At arbitration, the arbitrator acknowledged that while “floater days as such are not equivalent to and do not directly relate to the personal emergency leave days required by statute,” given the option under this particular collective agreement to substitute a floater day for a PEL day, such floater days “are not always to be excluded as being irrelevant to the fulfillment of the employer’s obligations to furnish employees with paid leave in personal emergency situations.” In the words of the arbitrator, floater days and PEL days “are not ‘apples and oranges’ in all circumstances contemplated by the collective agreement.”

In the particular circumstances before him, however, the arbitrator held that the link between floater days and PEL was “weak and, at most, a conditional or contingent one.” Given that floater days could be used as holidays, it was hard to argue they served the same purpose as PEL days. Moreover, given Carillion’s historic practice of giving employees the discretion to decide whether to use a floater day in cases of “justified absence” or whether to, effectively, save it for later, it could not now purport to unilaterally take away that discretion to its financial advantage. In other words, according to the arbitrator, each employee should get to decide for him- or herself whether an absence will draw on his or her bank of floater days or, alternatively, be treated as a PEL day (whether paid or unpaid). Moreover, the fact that the floater day benefit covered the period from July 1 to June 30 rather than the calendar year further supported a conclusion that they ought not to be treated as comparable benefits to paid PEL days.

As such, the grievances were allowed and Carillion was ordered to compensate the grievors for the days in question as PEL days, without drawing on any remaining floater days.

Takeaway for employers

While such was the arbitrator’s finding in the specific circumstances in the Carillion case, we note that other arbitrators have come to very different conclusions where other “substitute” benefits have been offered. In USW, Local 2020 and Bristol Machine Works Ltd. (GB-01-18), Re, another recent arbitration decision, for example, the arbitrator held that an employer-funded Income Protection Plan offering both short-term sickness and accident insurance and long-term disability insurance benefits (paid at 65 per cent of earnings) did, in fact, amount to a “greater right or benefit” than paid PEL days, at least in circumstances where the absences at issue related to employee illness or disability and the employees in question were eligible for the plan -- this was the case even though there was a seven-day waiting period before a sick employee could become eligible for any compensation at all.

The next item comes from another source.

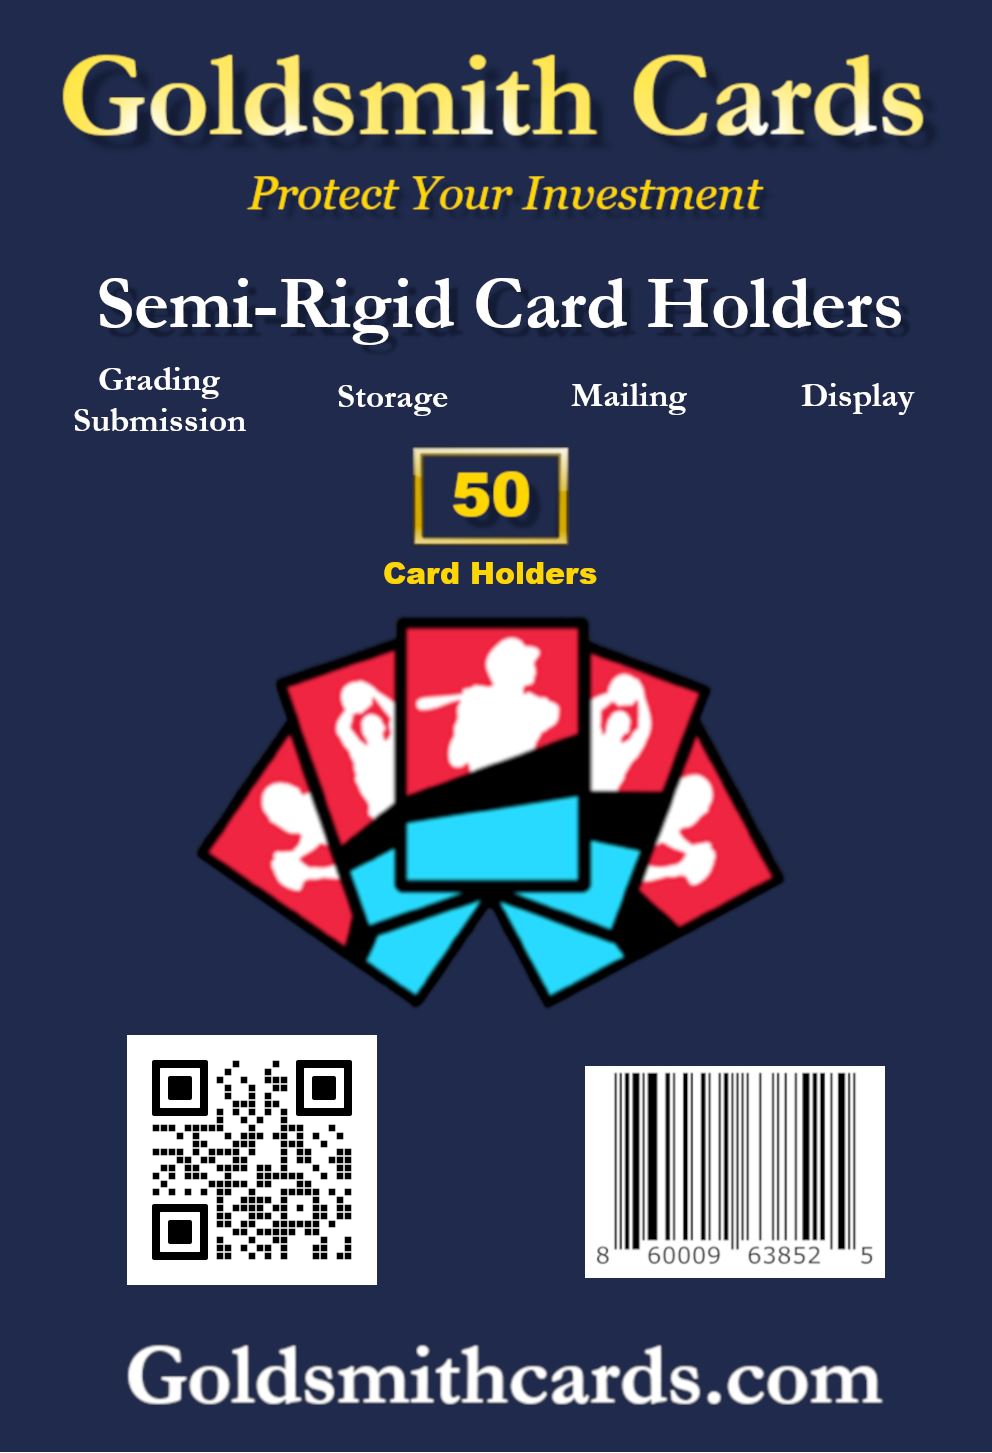 Legends Card Grading Kit - 100 Semi-Rigid Card India

Going forward then, it is important that any employer (unionized or not) that believes it is already providing employees with a “greater right or benefit” than the two paid PEL days required by the ESA, give due consideration to whether what it is offering in place of PEL days really is: (a) not only a greater entitlement in totality; but (b) comparable to and intended to address the same purposes as PEL days – in other words, that we are comparing “apples to apples.” A failure to properly consider either of these factors could leave an employer effectively paying twice – once for the arguably greater benefit it offers and a second time for each employee’s paid PEL day entitlement.

For more information see:

  • Carillion Services Inc. and LIUNA, Local 183 (Williams), Re, 2018 CarswellOnt 8854 (Ont. Arb.).
  • USW, Local 2020 and Bristol Machine Works Ltd. (GB-01-18), Re, 2018 CarswellOnt 5531 (Ont. Arb.).